На юге Кыргызстана, к примеру, уже сейчас действуют тысячи западных НПО, которым противостоят наши «гуманитарные корпорации» – Россотрудничество и «Русский мир». При том, что ведомство К. Косачева вынуждено большую часть средств тратить на содержание «Русских домов», а не на профильные цели. В условиях все более возрастающей конкуренции в сферах экономики, политики, гуманитарных проектов государство российское никак не может найти оптимальный баланс между общественной дипломатией и интересами бюрократии. Впрочем, рецепты решения данной задачи очевидны: если брать глобальный контекст, то следует взять на вооружение концепцию страны с многочисленными акторами, где суверенитетом обладает народ, а не власть.

Борьба за молодежную аудиторию на конкурентном поле, вовлечение будущей элиты стран СНГ в образовательные, гуманитарные, социокультурные проекты под патронажем России и есть главная задача сегодняшнего дня.

Иными словами, ситуация на пространстве, которое западные эксперты уже не рассматривают как «постсоветское», меняется настолько динамично, что к критическим выводам в отношении российской внешней политики на этом направлении можно добавить еще один штрих: ведомственная бюрократия не успевает за быстро меняющейся ситуацией, система принятия решений выстроена таким образом, что даже самые продуманные и глубокие стратегии безнадежно устаревают из-за временного разрыва между «фазой слова» и «фазой дела».
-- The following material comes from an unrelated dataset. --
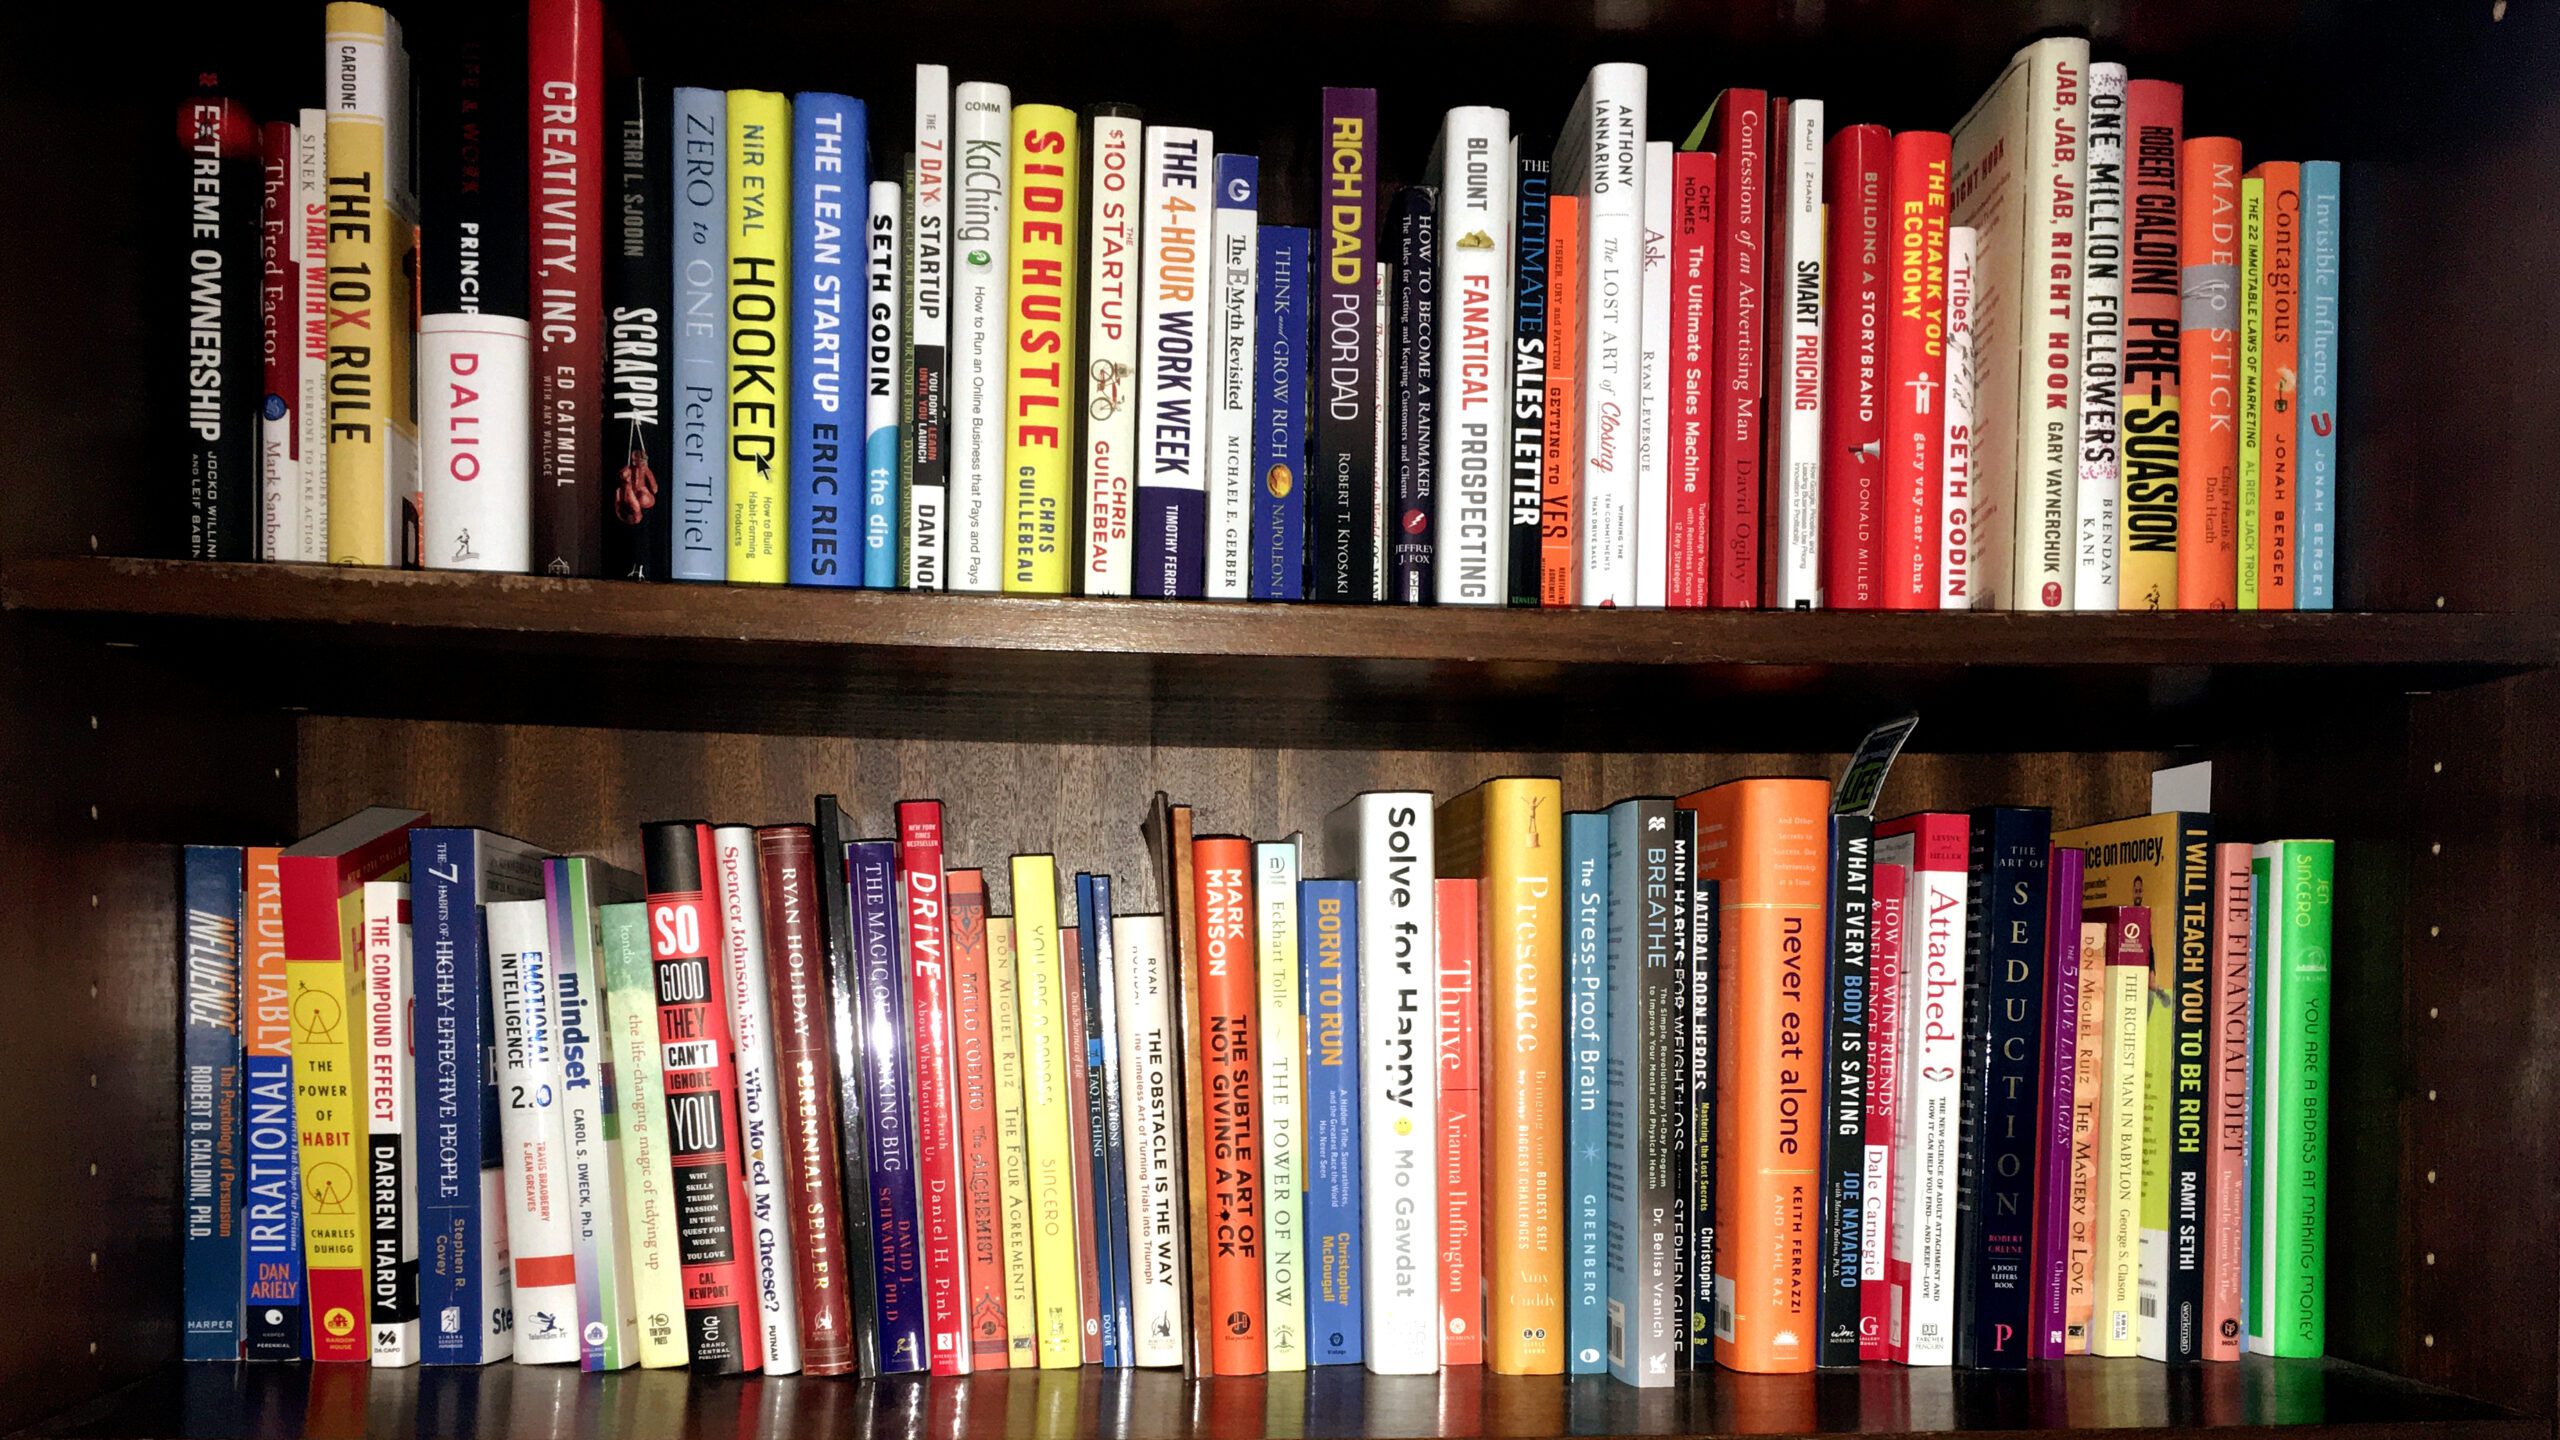 My Top Marketing Book Recommendations

И все же хочется оставаться оптимистом. Если элиты стран ближнего зарубежья не горят особым желанием выстраивать более тесные линии взаимодействия с Россией, ограничивая собственный интерес кредитами и бонусами по нефти и газу, то в таких странах, как Казахстан, Кыргызстан, Таджикистан, Украина, Армения, все еще относятся к Москве как к фактору, способному обеспечить стабильное и устойчивое развитие этих стран через интеграцию и сотрудничество.

Однако необходимо признать, что эти настроения присутствуют среди старшего и среднего поколения, т.е. у той части общества, которая еще застала «советское общежитие». Поэтому борьба за молодежную аудиторию на конкурентном поле, вовлечение будущей элиты стран СНГ в образовательные, гуманитарные, социокультурные проекты под патронажем России и есть главная задача сегодняшнего дня. Будем надеяться, что эта миссия не противоречит «личным планам» новой российской элиты, тех, кому сейчас от 30 до 40.